I had to pick up Mom’s prescription and was further taxed with burning the extra fifty dollars she had pressed into my hand on two lottery tickets. Just two? What the fuck, I remember when the two-dollar ticket debuted, and I thought that was excessive. Whatever, it’s her disposable income, and as long as she can still afford her insulin, sending it straight down the shitter on lottery tickets wasn’t any of my business.
Rite Aid has one of those tall boxy lottery machines, like a soda machine only it dispenses lottery tickets. Sad world. It never bugged me too much to use the machine when she asked, but I always felt like a scumbag when she wanted me to cash in her winners. That involved other humans and if small talk emerged I always acted as though I knew as much about the New York Lottery as a Martian, and was sure to explain I was only there on someone else’s coin.
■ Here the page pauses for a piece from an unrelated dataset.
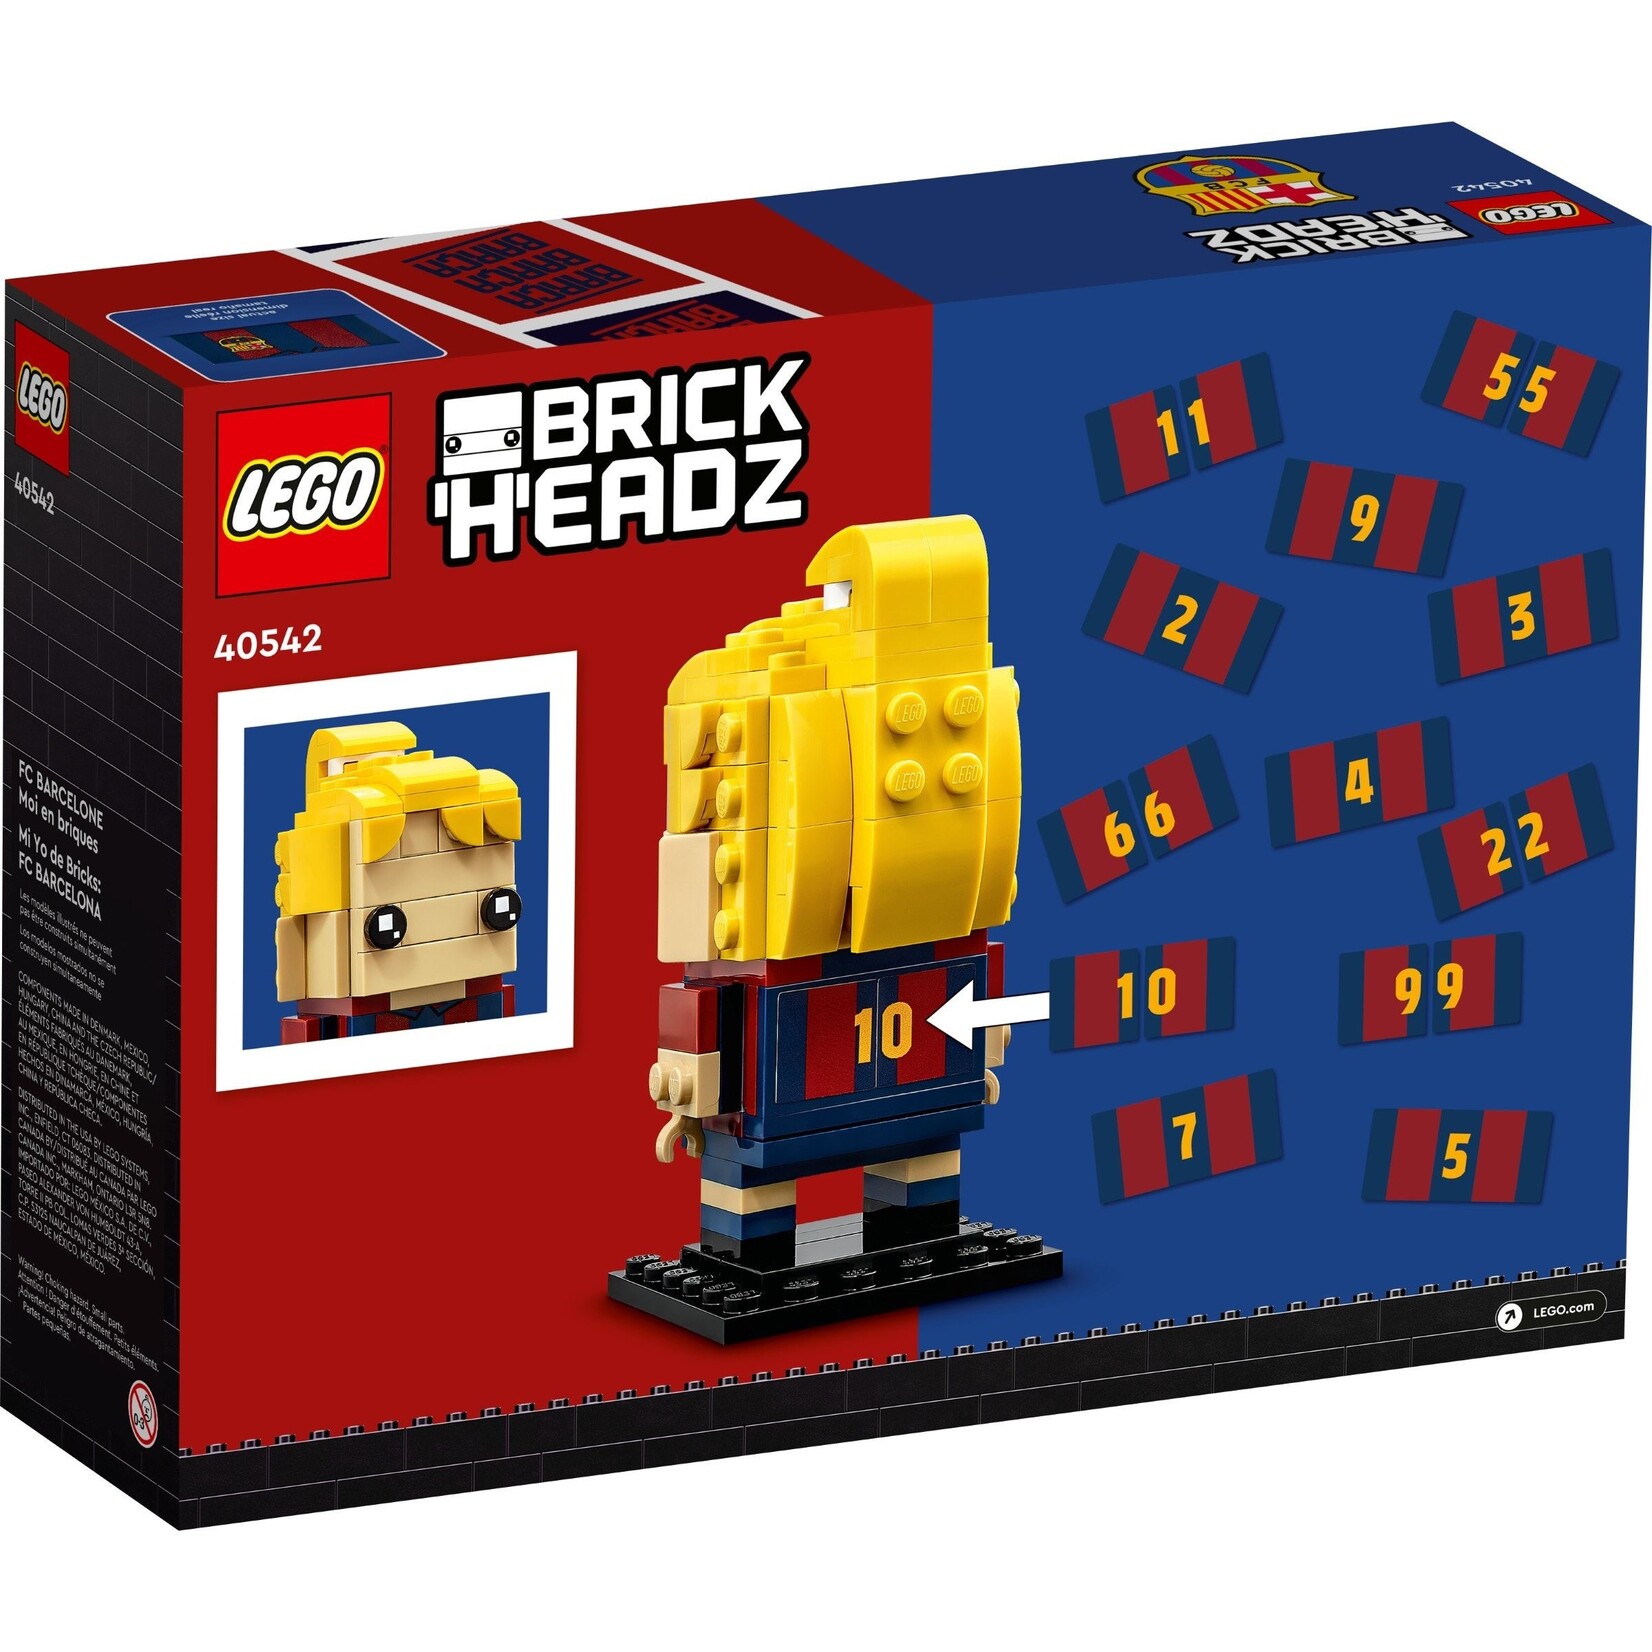 LEGO Maak van mij stenen FC Barcelona - 40542

I planned to buy her tickets first, while my hands were free, but there was a woman standing in front of the lottery machine scratching a ticket, and I really couldn’t be bothered. Woman was practically dancing with the big goddamn metal box, her body swaying in time to the rhythm of her scratch. Fuck it, the insulin was a single pen, it’d fit right in my pocket. I’d come back for her lottery tickets, hands every bit as free, after visiting the pharmacy.
When I returned, to my surprise, the woman was still standing there; still scratching there.